TiDB Cluster Expansion: tiup cluster reload tidb-pro Some Nodes Abnormal

Note:
This topic has been translated from a Chinese forum by GPT and might contain errors.

Original topic: tidb集群扩容tiup cluster reload tidb-pro部分节点异常

| username: johnnnyli

[TiDB Usage Environment] Production Environment / Testing / PoC
[TiDB Version] 5.4.0
[Reproduction Path] Operations performed that led to the issue
[Encountered Issue: Issue Phenomenon and Impact]
[Resource Configuration]
[Attachments: Screenshots / Logs / Monitoring]
Error: init config failed: hdp010:2379: transfer from /root/.tiup/storage/cluster/clusters/tidb-pro/config-cache/pd-hdp010-2379.service to /tmp/pd_d50874cb-551b-46d6-85b5-80481e0f25ac.service failed: failed to scp /root/.tiup/storage/cluster/clusters/tidb-pro/config-cache/pd-hdp010-2379.service to tidb@hdp010:/tmp/pd_d50874cb-551b-46d6-85b5-80481e0f25ac.service: ssh: handshake failed: ssh: unable to authenticate, attempted methods [none publickey], no supported methods remain

Passwordless mutual trust has been established between the root user and the tidb user, and both have sudo permissions. The scp command can also be executed manually, but it requires specifying the port number with -P9922 since the server port is not the default port 22. Not sure if this is related? Additionally, the issue occurs with roles on existing nodes, while new nodes and roles are normal.
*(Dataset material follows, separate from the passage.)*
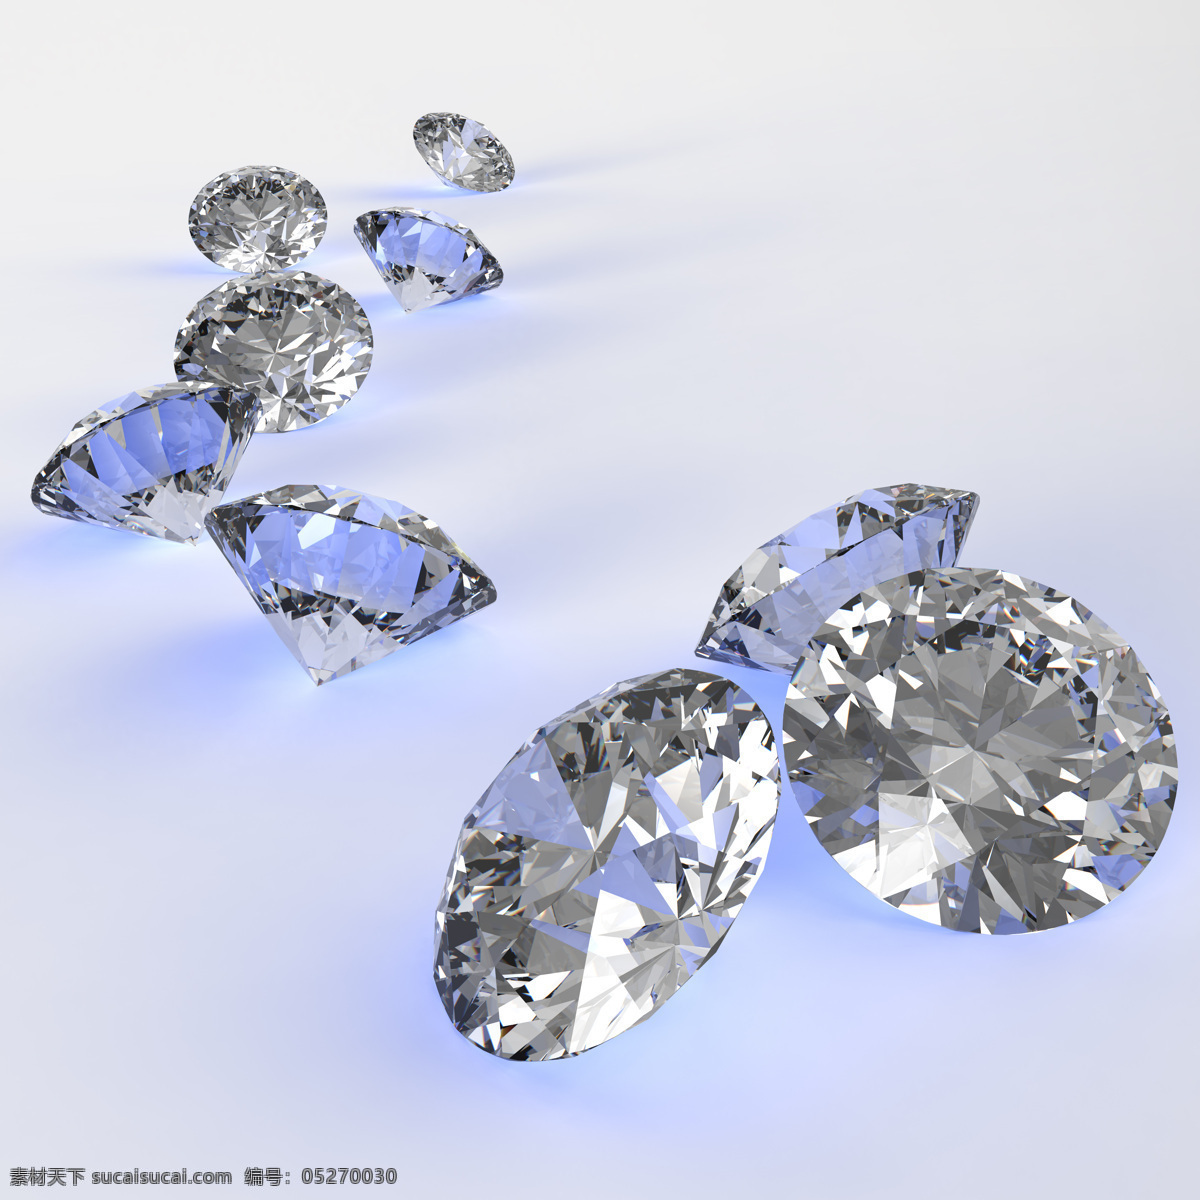 彩色 锥形 钻石 水晶 钻石摄影 钻石素材 珠宝 饰品 首饰 珠宝服饰 生活百科 白色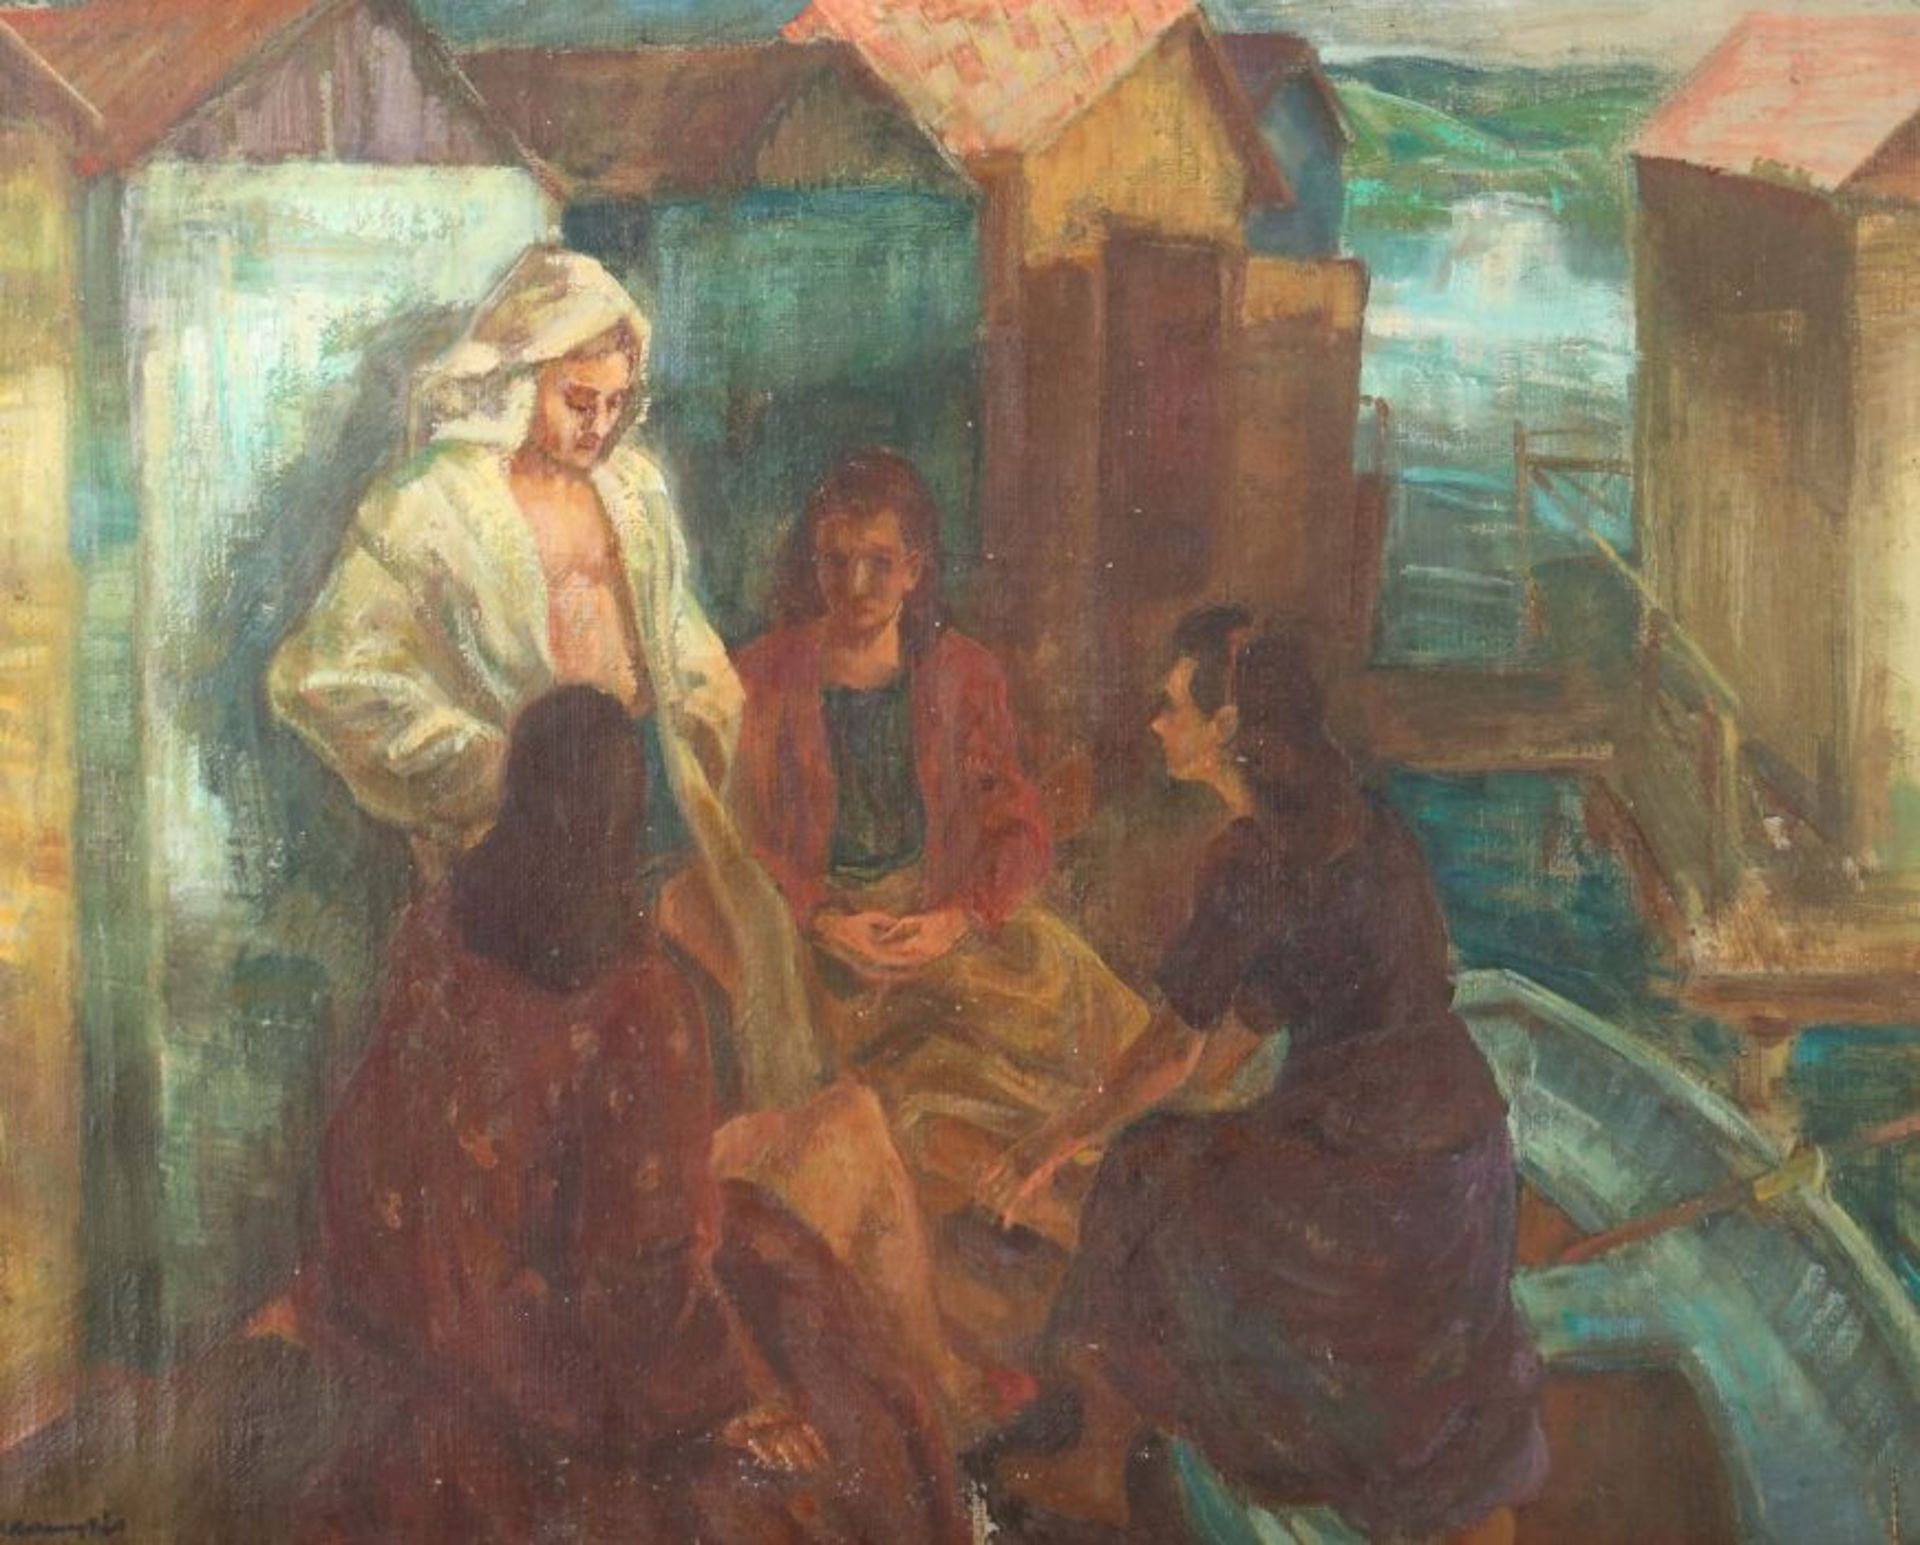 Udvary, Pal Budapest 1900 - 1987 ebenda, ungarischer Maler. "Am Ufer", stilisierte Darstellung mit

| username: tidb菜鸟一只 | Original post link

Isn’t scaling out enough for expansion? Why do we need to reload? Is the SSH port on the newly deployed node also 9922, or is it only 9922 on the originally deployed node?

| username: 我是咖啡哥 | Original post link

If the port of the newly expanded server is different from the original one, you need to specify ssh_port under host.
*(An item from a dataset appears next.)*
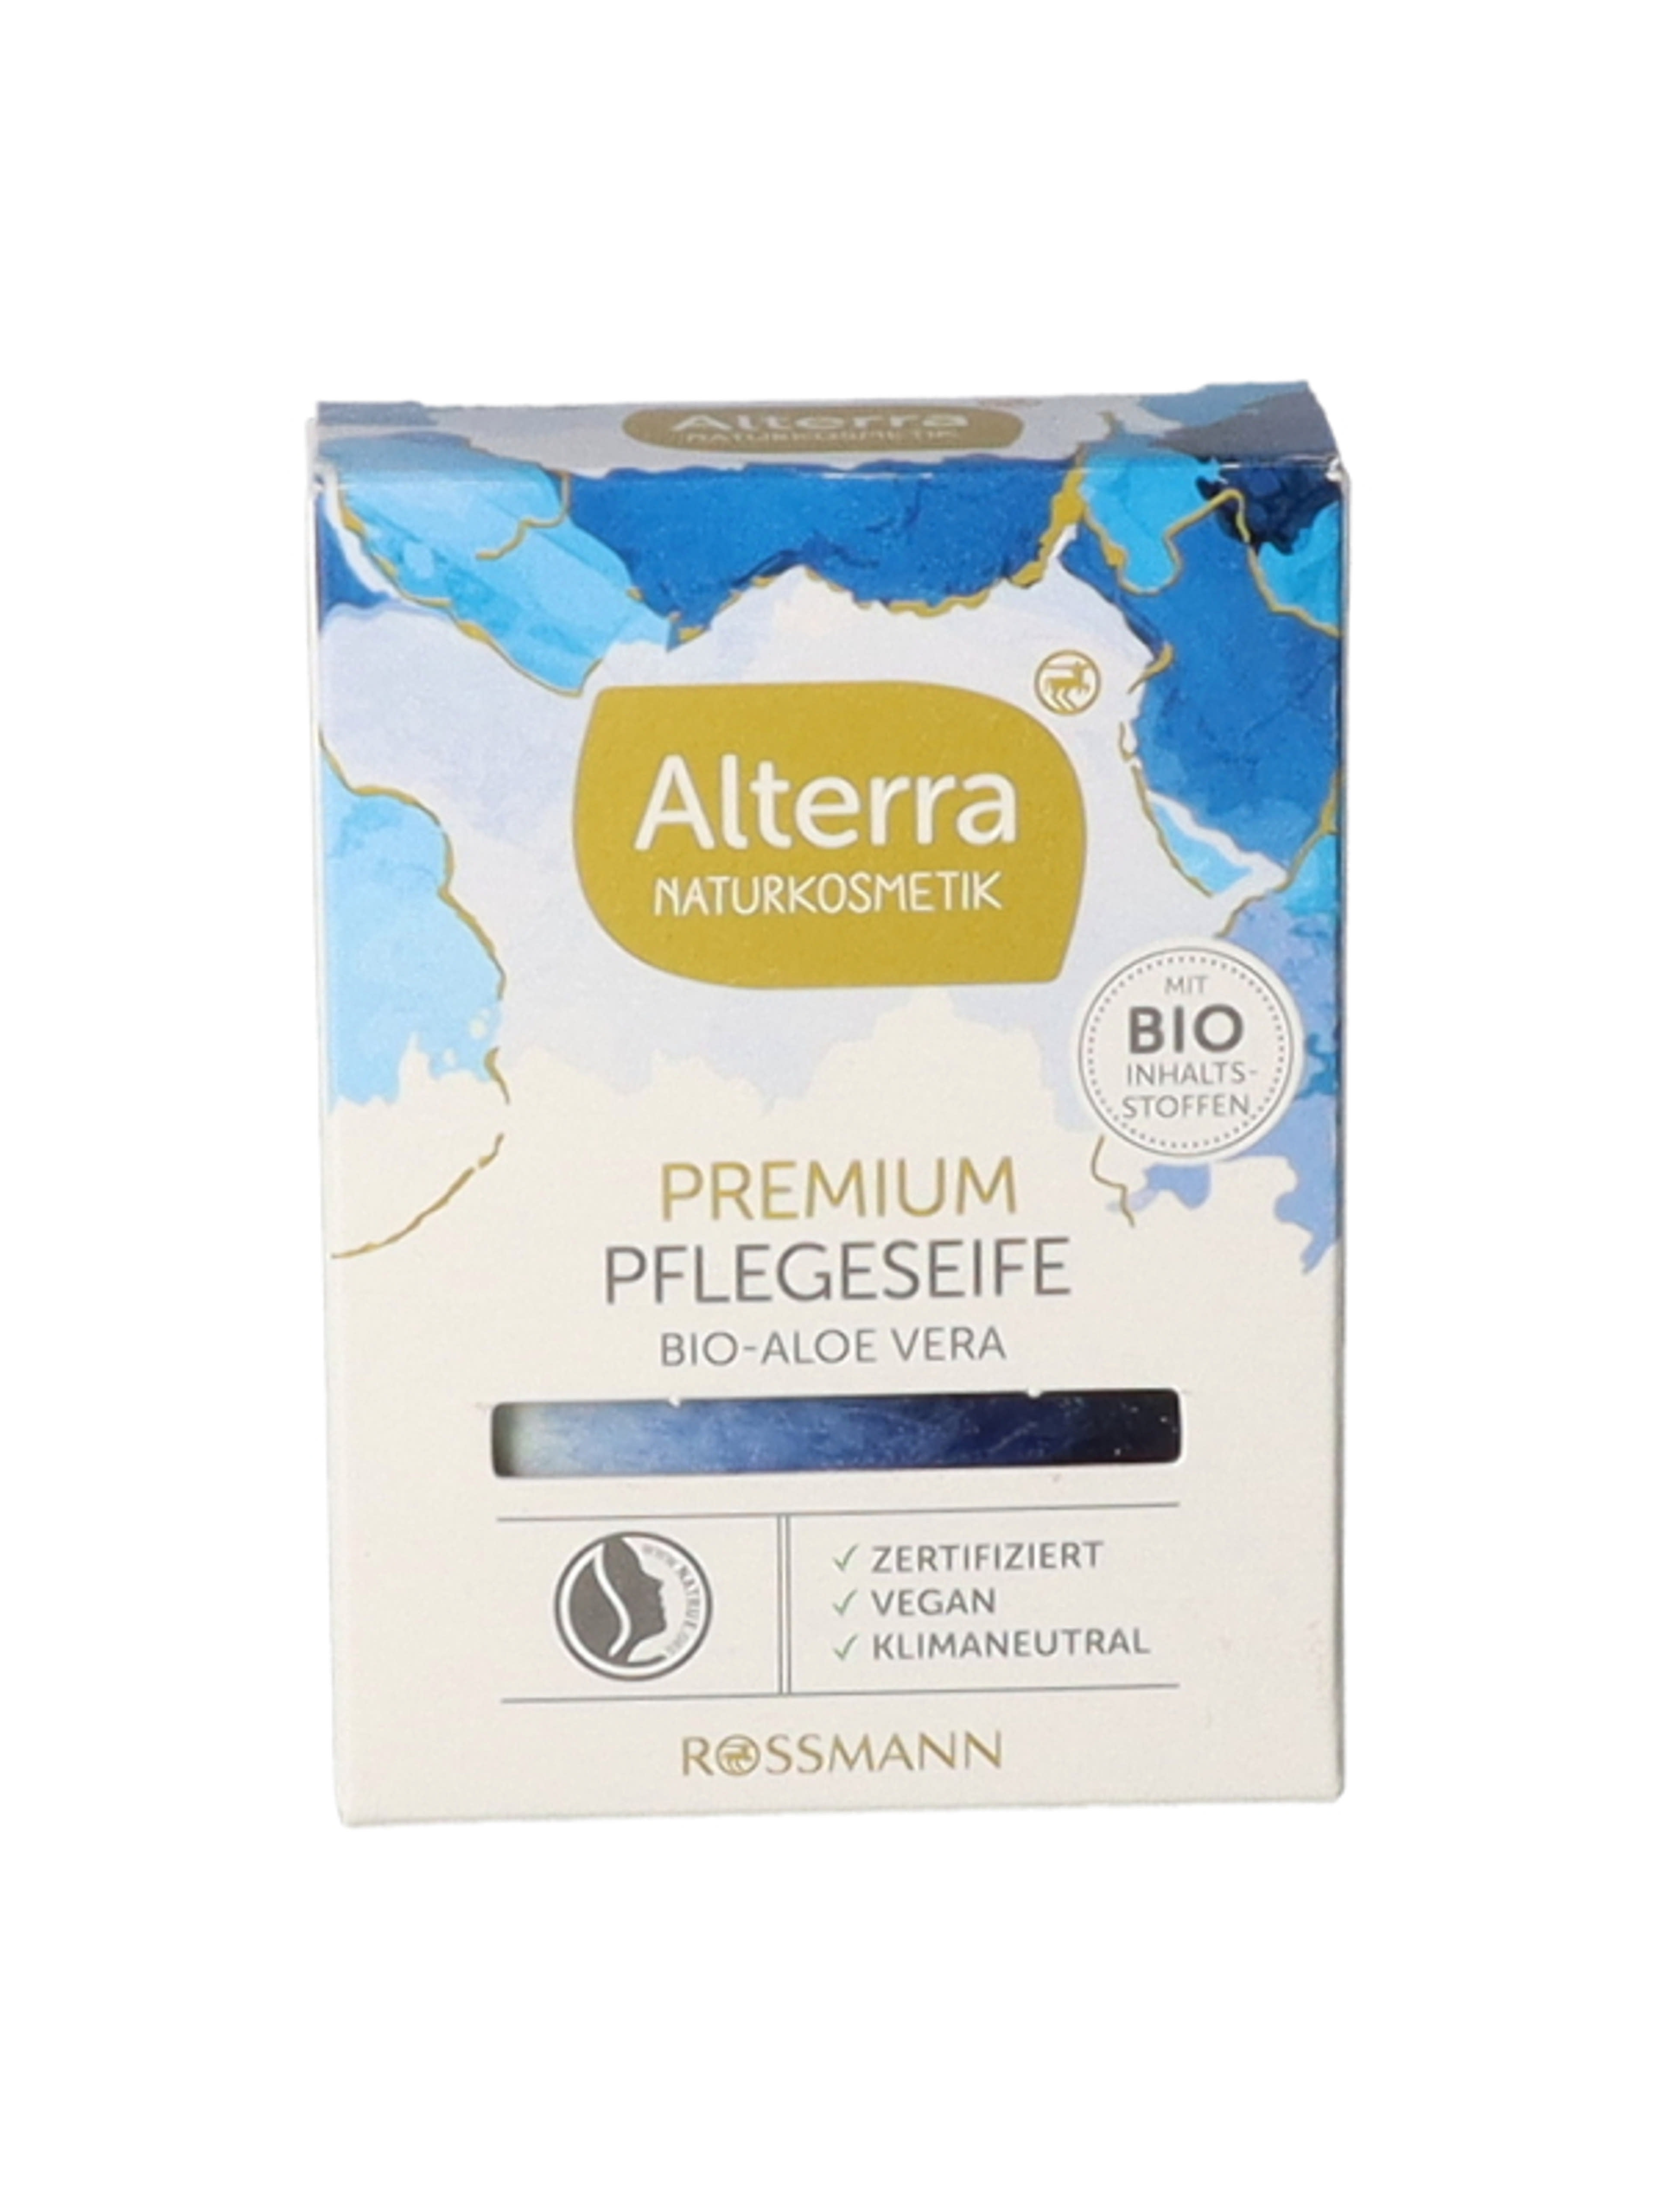 Alterra Naturkosmetik Premium ápoló szappan - 1 db

| username: TiDBer_pkQ5q1l0 | Original post link

Is there a specified ssh_port under global configuration? Also, upgrade tiup and tiup cluster to the latest version.

| username: Jiawei | Original post link

Check if this is the default port 22, if so, change it.
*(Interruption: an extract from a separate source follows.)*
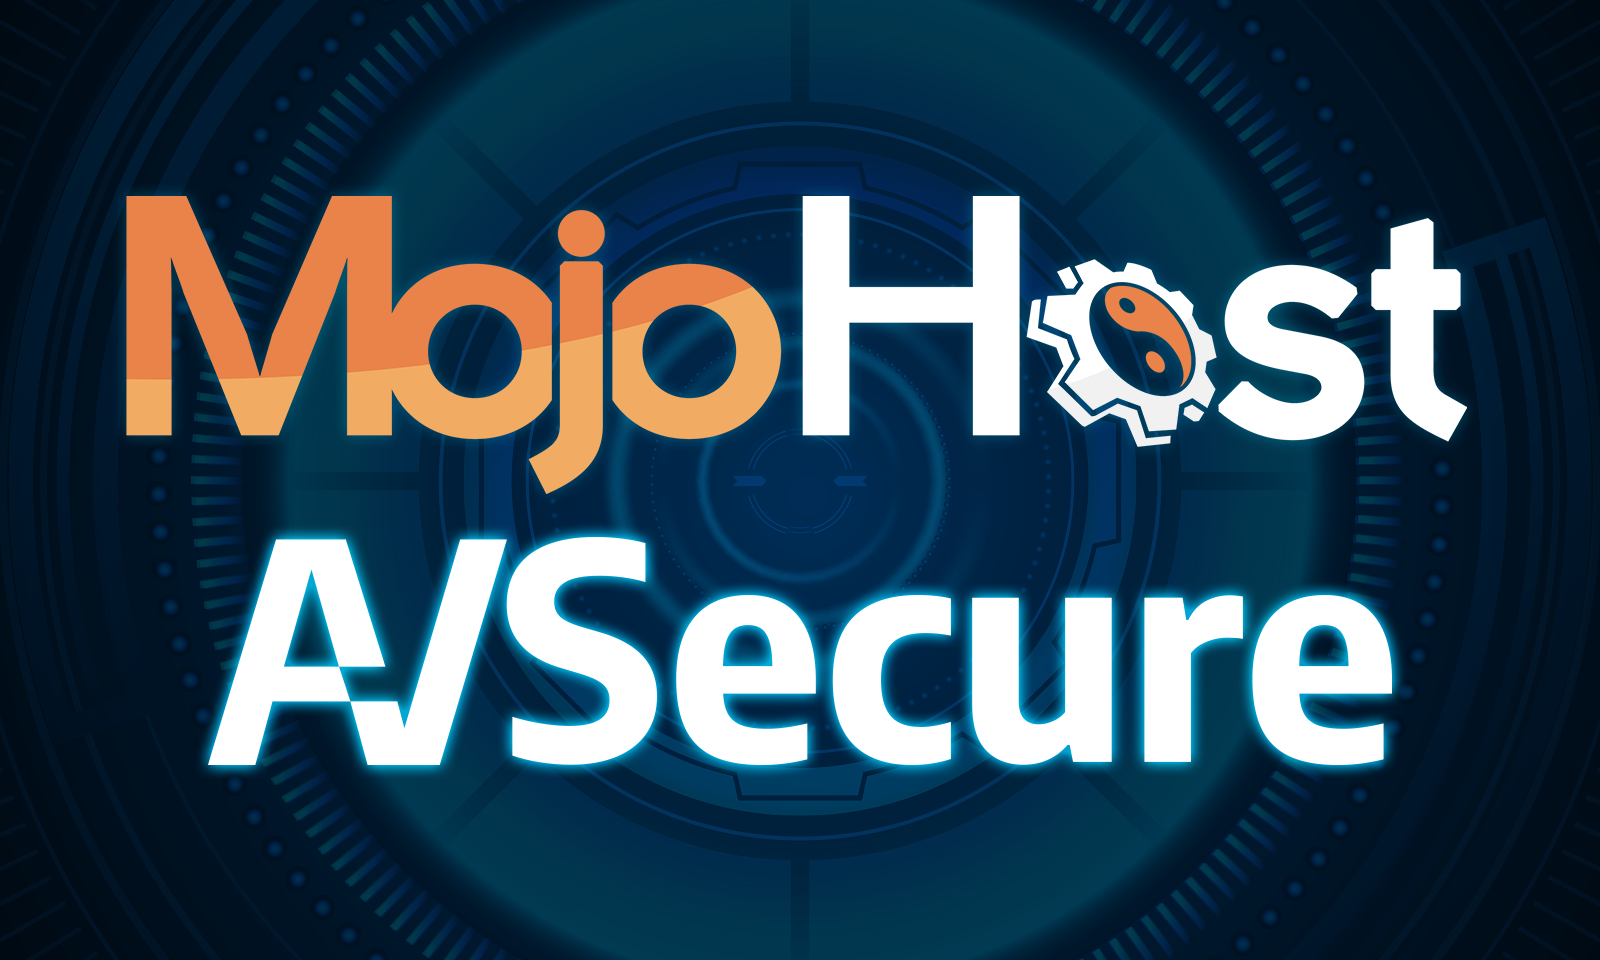 MojoHost Backs AVSecure Blockchain Age Verification

| username: johnnnyli | Original post link

All node ports are 9922. During the final step of the scale-out process, the configuration file distribution for the old nodes failed, while it succeeded for the new nodes.

| username: johnnnyli | Original post link

The global configuration is set to 9922.

| username: Jiawei | Original post link

Please describe the specific error message and your operations.

| username: johnnnyli | Original post link

The operation is to execute the expansion command tiup cluster scale-out tidb-pro /data02/soft/tidb/tidbandtikv-scale-out.yaml. The installation was successful, but the configuration distribution failed on the old node.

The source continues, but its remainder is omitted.